# Vision Language Models


Vision language models are complex systems that process both images and text. They generate text based on images and text inputs. These models are powerful and can handle many different types of images, such as documents and web pages. They can be used for several purposes, including chatting about images, recognizing images based on instructions, and understanding documents. Some of these models can even identify and outline specific parts of images or provide information about the location of objects in an image. There is a wide variety in the large vision language models available, based on the data they were trained on, how they process images, and their overall capabilities.

![image.png](attachment:image.png)


source: [Huggingface](https://huggingface.co/blog/vlms)

# How to select your VLM?

There are many open vision language models on the Hugging Face Hub.

![image.png](attachment:image.png)


* Source: [Huggingface](https://huggingface.co/blog/vlms)
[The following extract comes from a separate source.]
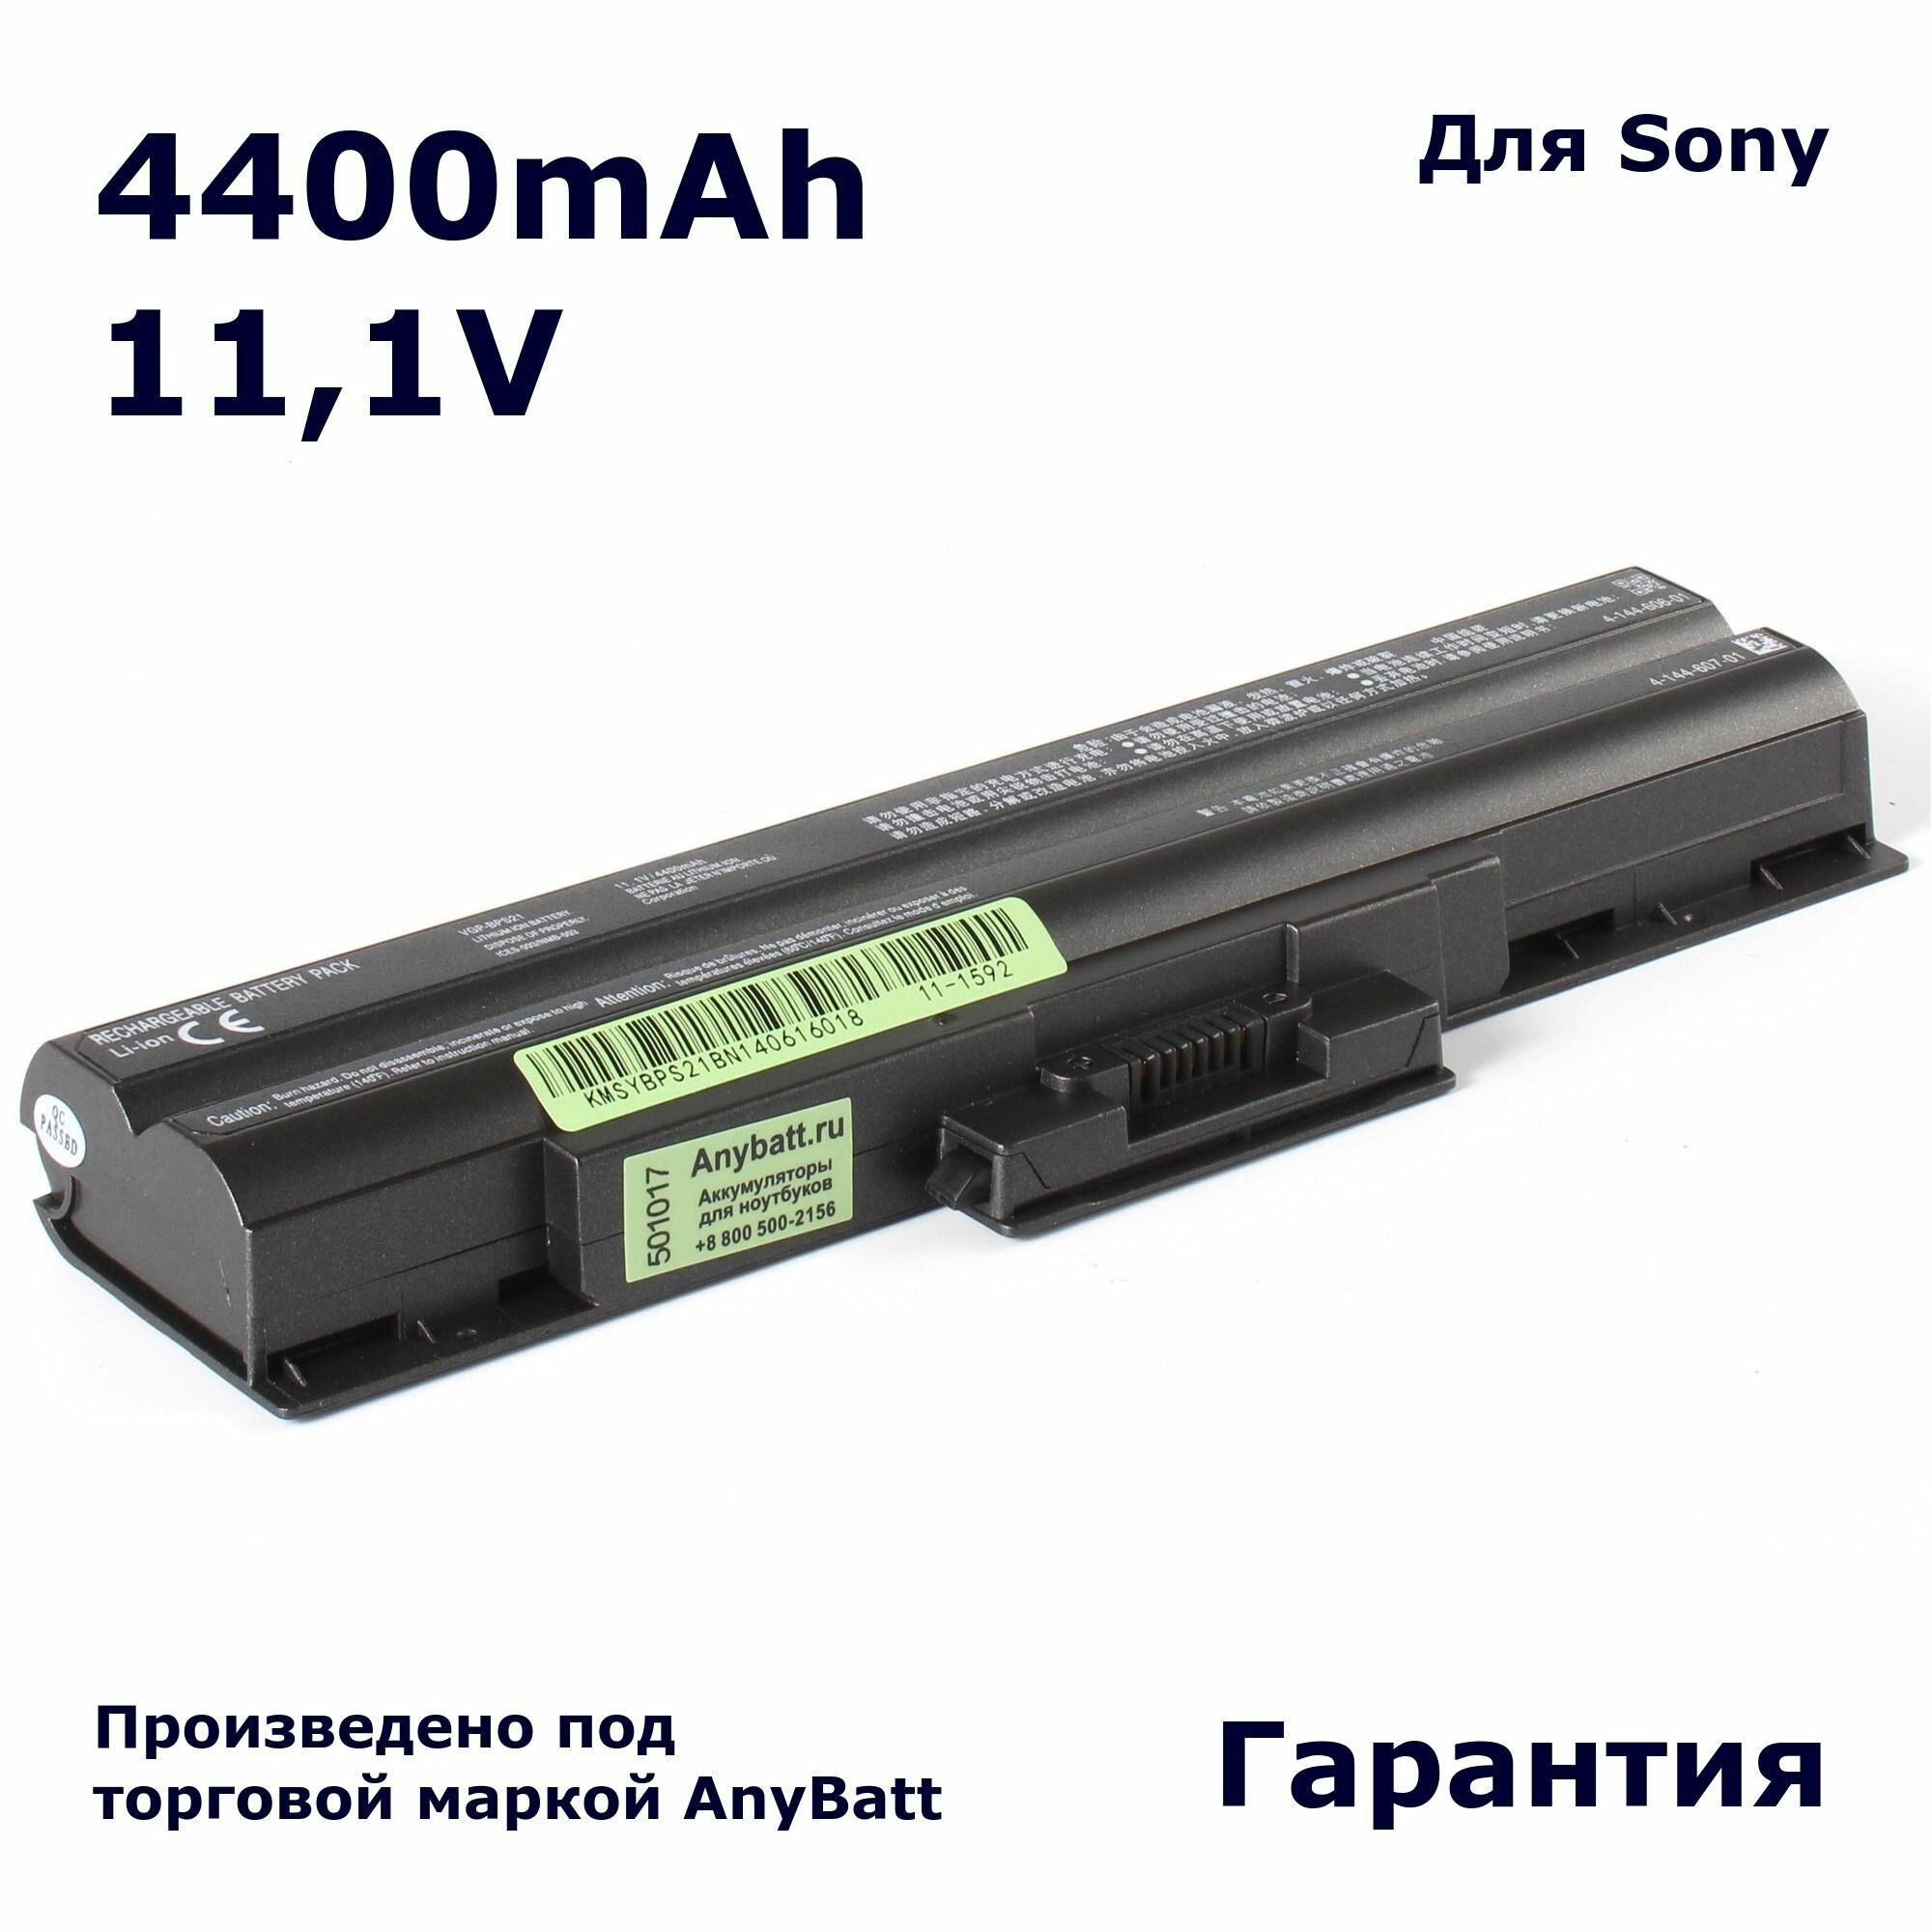 Аккумулятор AnyBatt 4400mAh, для PCG-81211V PCG-51111V VGN-FW11ER PCG-31312V Vaio VGN-FW11SR VGN-FW11MR SVE1112M1R VGN-FW SVE1111M1R

* Source: [Leaderboard](https://huggingface.co/spaces/opencompass/open_vlm_leaderboard)

# Benchmarking

* [VLMEvalKit](https://github.com/open-compass/VLMEvalKit)
* [LMMS-Eval](https://github.com/EvolvingLMMs-Lab/lmms-eval)
* [MMMU](https://huggingface.co/datasets/MMMU/MMMU)
* [MMBench](https://huggingface.co/datasets/lmms-lab/MMBench)



# LLAVA Finetunning

In the exciting world of artificial intelligence, combining language and vision is a big step forward. Among many models that do this, LLaVA really stands out. It doesn't just compete with other models, it surpasses them in what it can do.
Here, we'll look at what the Large Language-and-Vision Assistant (LLaVA) can do. Our main aim is to explain how to adjust LLaVA for AI developers, whether they're using Colab Pro or their own setups. We'll provide easy-to-use code to simplify the process.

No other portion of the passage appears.